#### What the task asks
Everything from the line containing "Sylvia Plathová (1932" through the line containing "Medaljens forside: Prins" should be repeated exactly, and nothing else from the data.

+++ Data

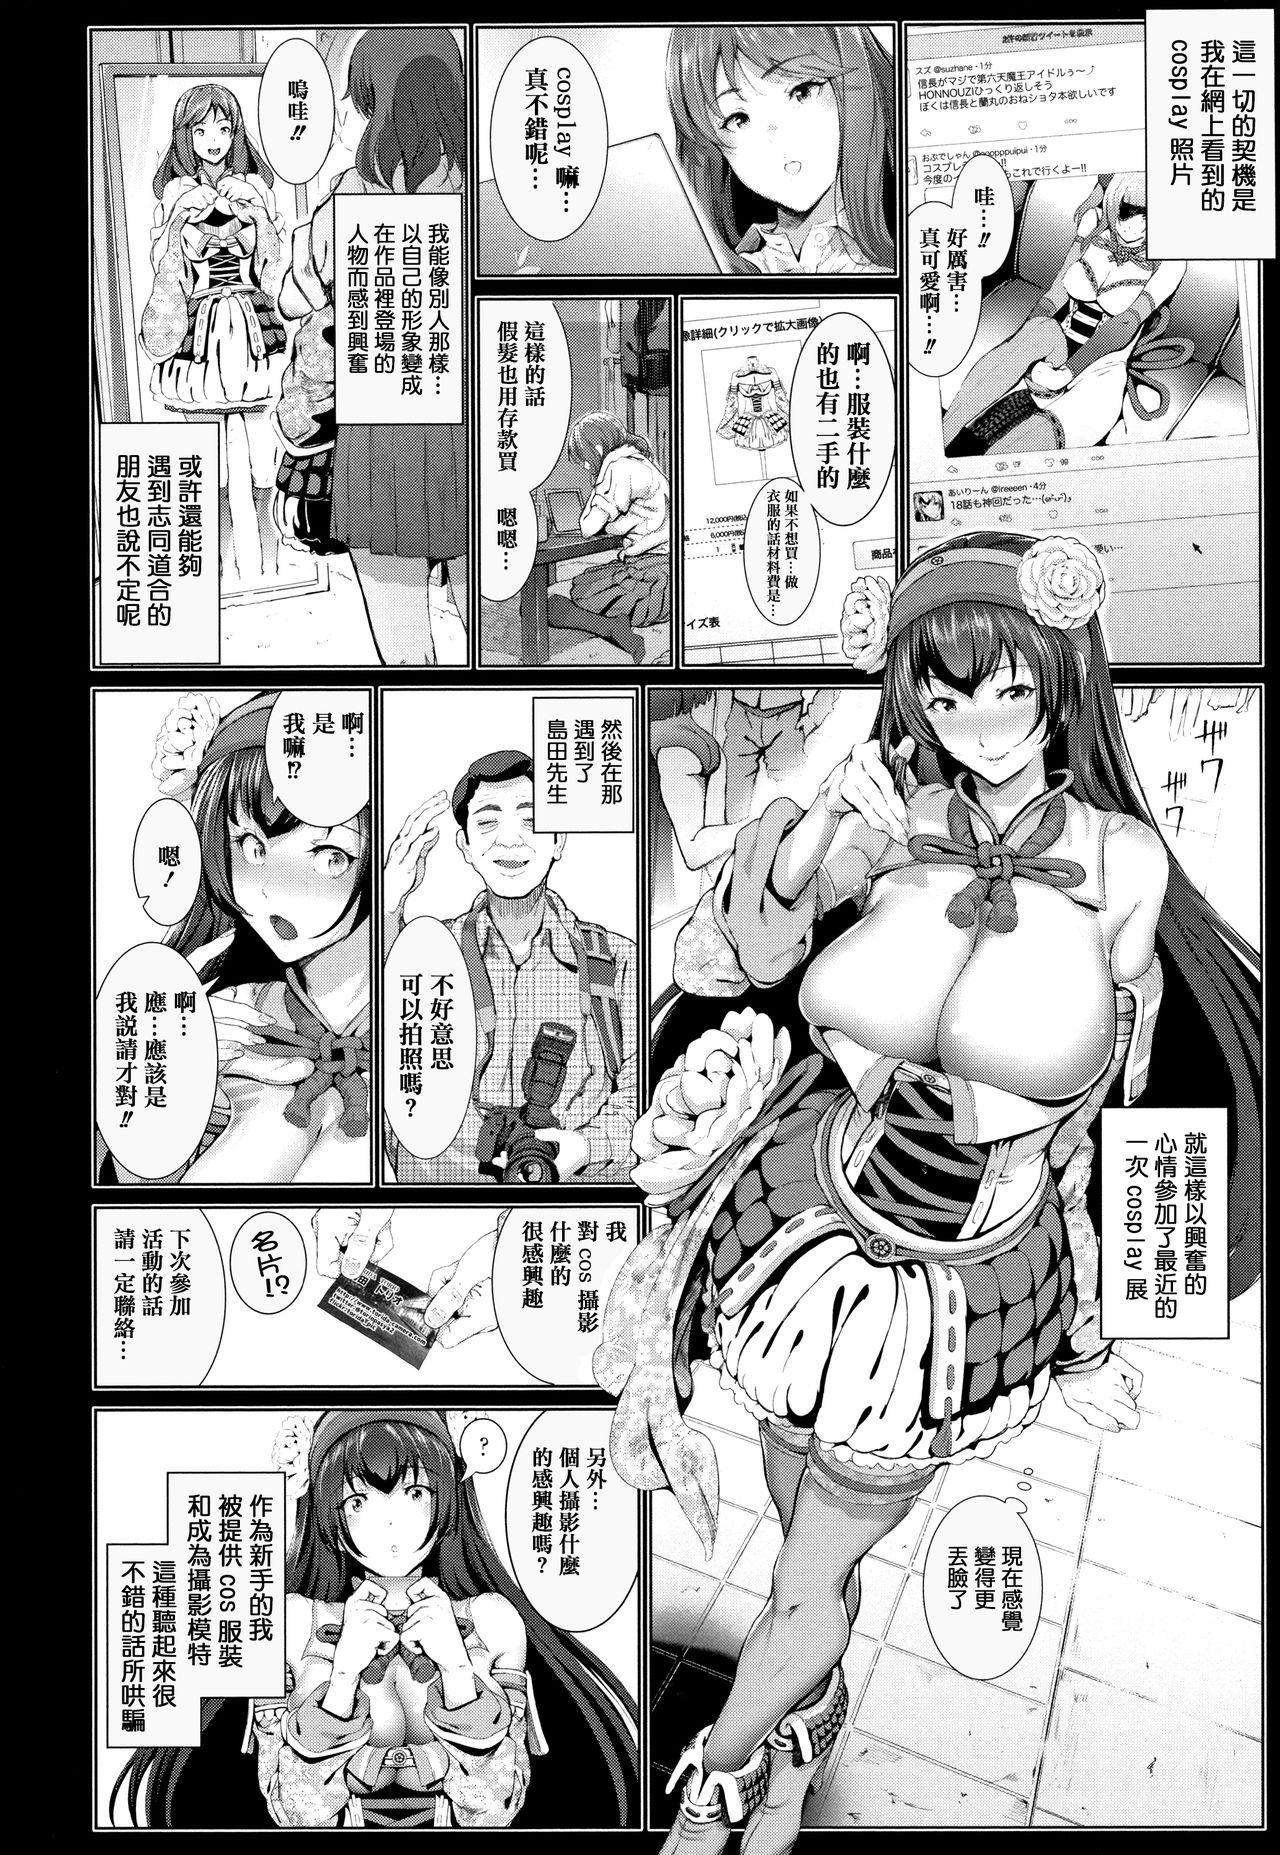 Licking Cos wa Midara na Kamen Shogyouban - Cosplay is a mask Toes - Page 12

++++++
+++ Data

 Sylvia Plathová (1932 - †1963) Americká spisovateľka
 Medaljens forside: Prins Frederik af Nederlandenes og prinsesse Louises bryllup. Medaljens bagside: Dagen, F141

++++++
+++ Data

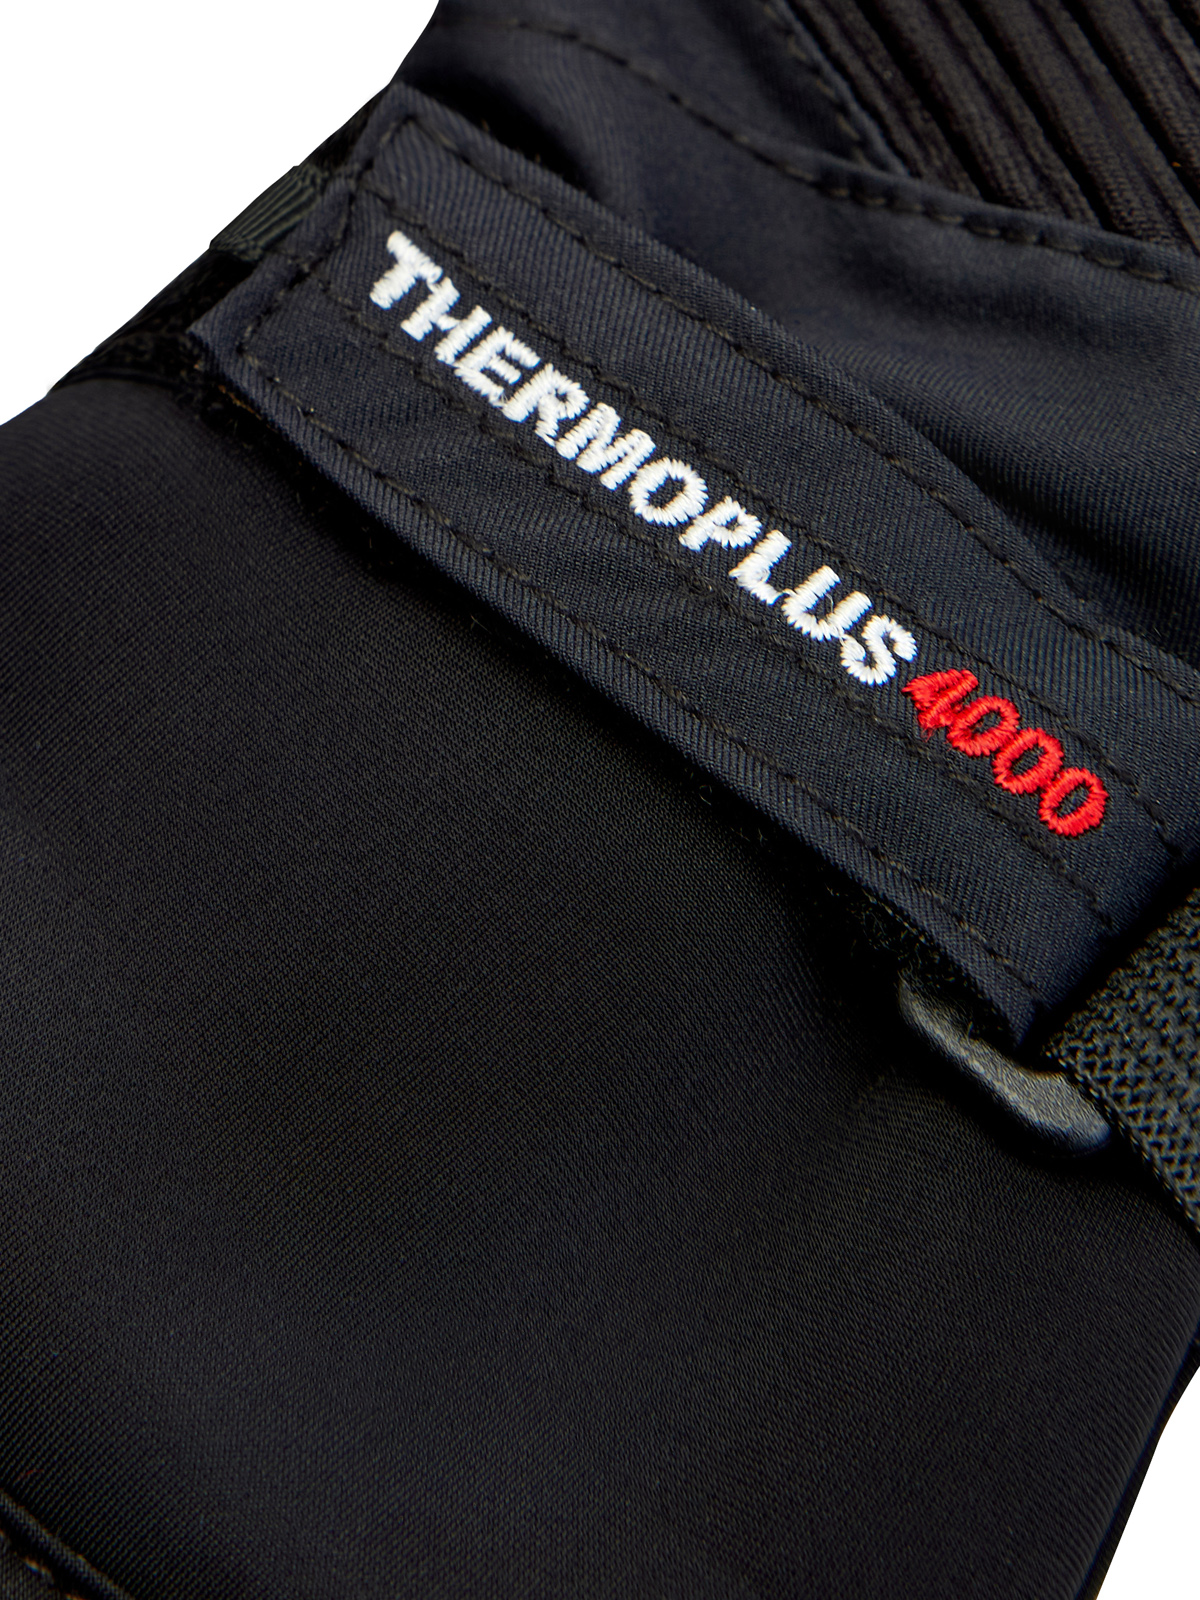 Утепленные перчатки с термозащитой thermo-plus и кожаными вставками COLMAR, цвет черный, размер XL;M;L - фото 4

++++++

#### Response to this exercise
 Sylvia Plathová (1932 - †1963) Americká spisovateľka
 Medaljens forside: Prins Frederik af Nederlandenes og prinsesse Louises bryllup. Medaljens bagside: Dagen, F141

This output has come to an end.